3 Вдохнул Он в человека душу его и стала душа человека лампадой, вместилищем света, драгоценным даром Творца своему творению.
>4 И по слову Господа начало быть время, когда смешал Он свет с тьмой, чтобы дать человеку свободу и произволение самому решать, чем ему быть – светом или тьмой.
>5 Душа человеческая в теле мира сего, что птица в клетке, трепещет и бьется о прутья. Она есть свет отраженный, путь через цепь ущелий и теснин, и в конце его ждет его Бог, источник света.

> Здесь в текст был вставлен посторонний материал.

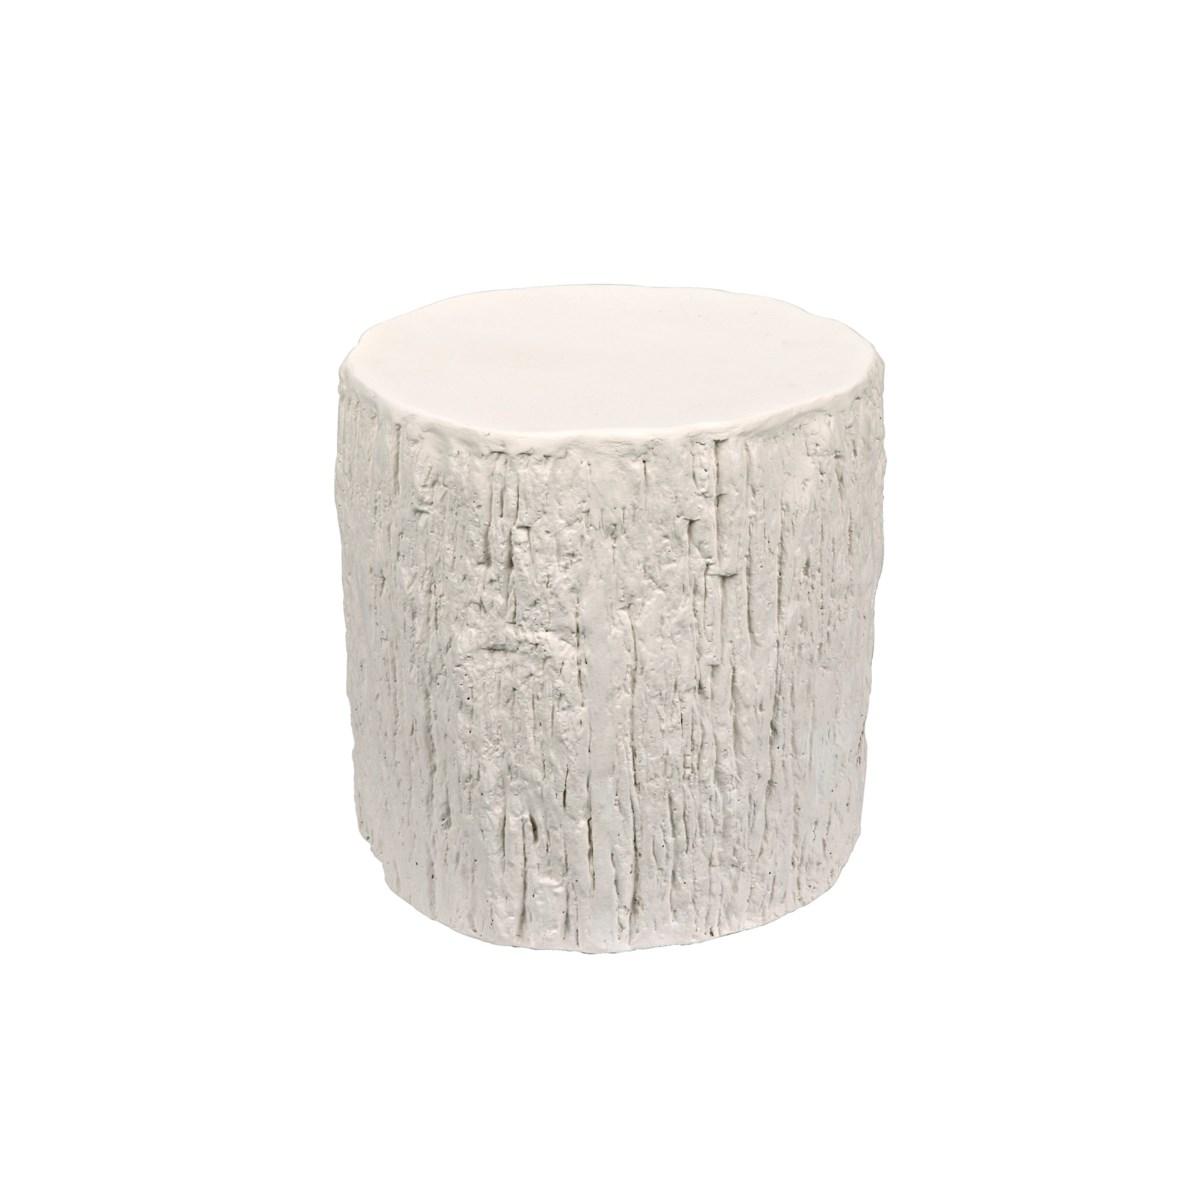 Trunk Side Table, White Fiber Cement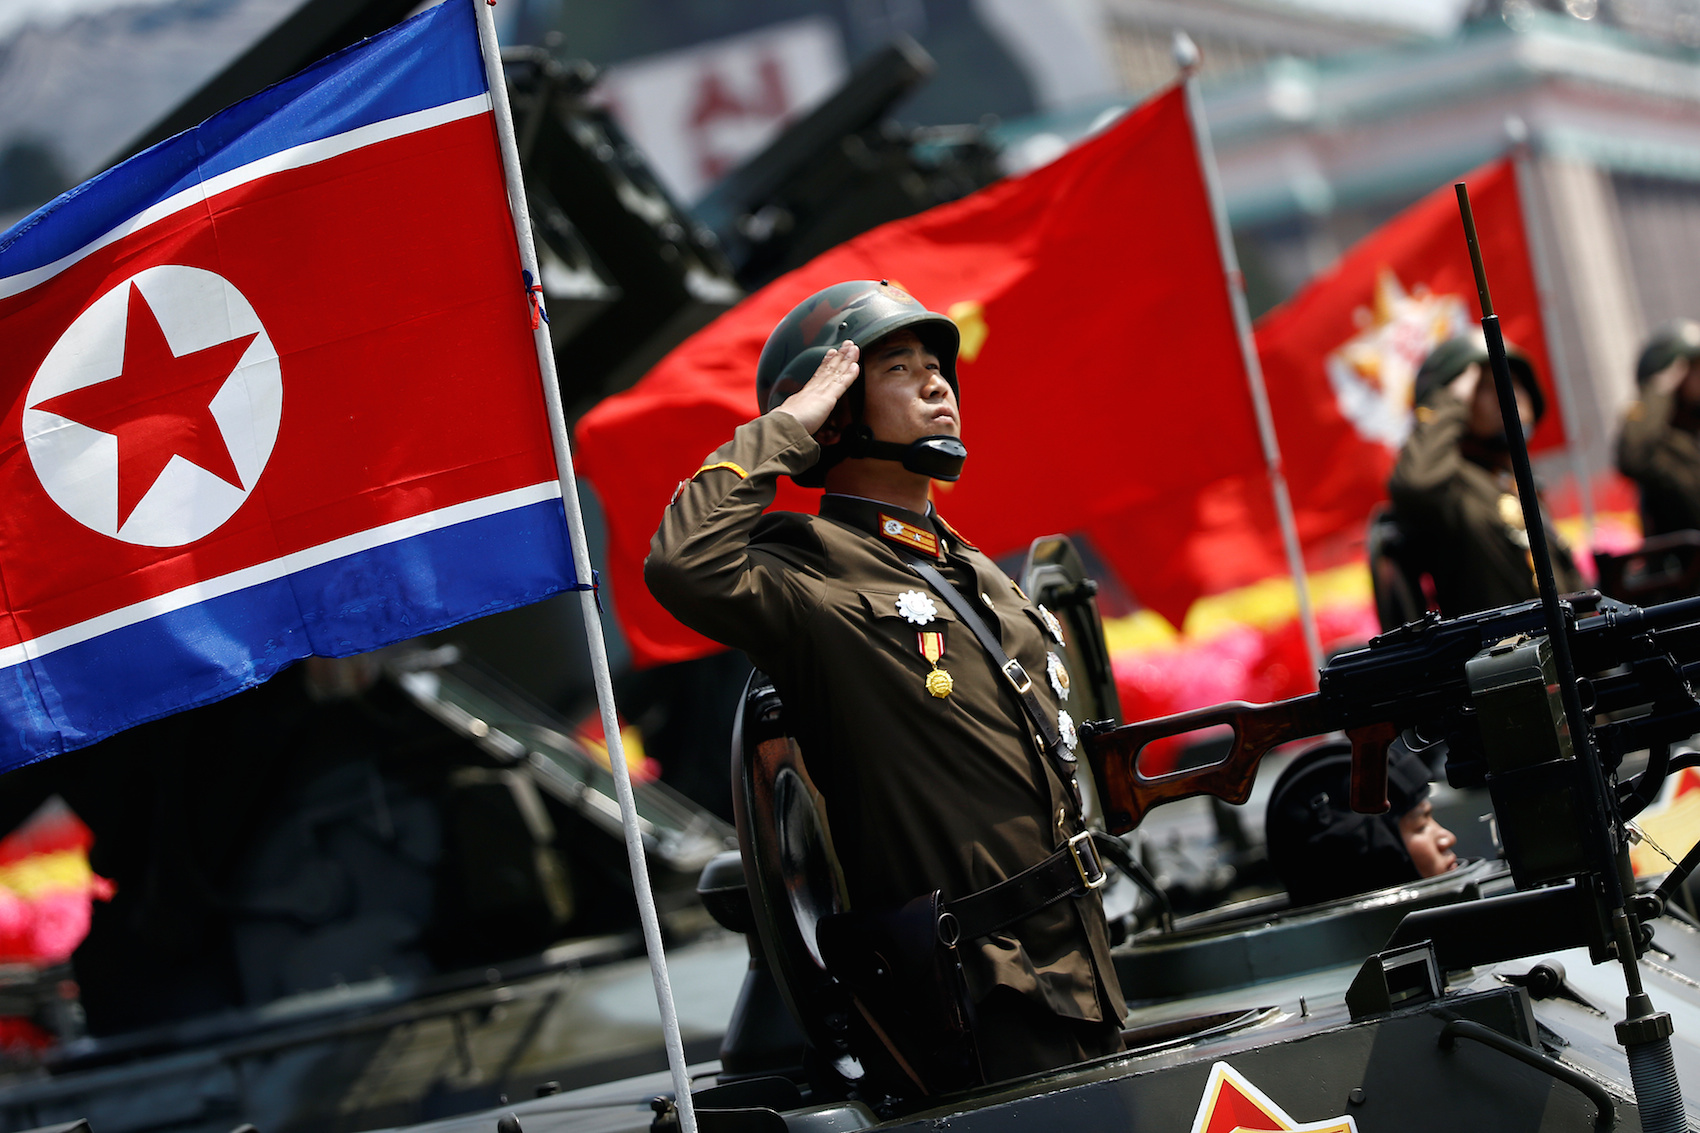 A soldier salutes during a military parade in Pyongyang April 15, 2017. Reuters/Damir Sagolj

От Бога он отлетел, к Богу и вернулся.
>6 И повелел Бог человекам: плодитесь и размножайтесь, ибо сказано всякой плоти – плодитесь, и всякому духу – размножайтесь.
>7 И плоть наследует плоти, потому как плоть от плоти, и дух порождает дух, и как одно продолжает себя, так и другое.
>8 Где, в каком теле новорожденная плоть соединиться с новоявленным духом одному Предвечному ведомо; родство по плоти идет своим чередом, родство по духу – своим, и одно не руководит другим.
>9 Первородная душа, которую вдохнул в Адама Бог, стала в теле Адама, и отлучившаяся от нее душа стала в теле Евы. И было в райском саду по наущению древнего змия: они нарушили завет Бога.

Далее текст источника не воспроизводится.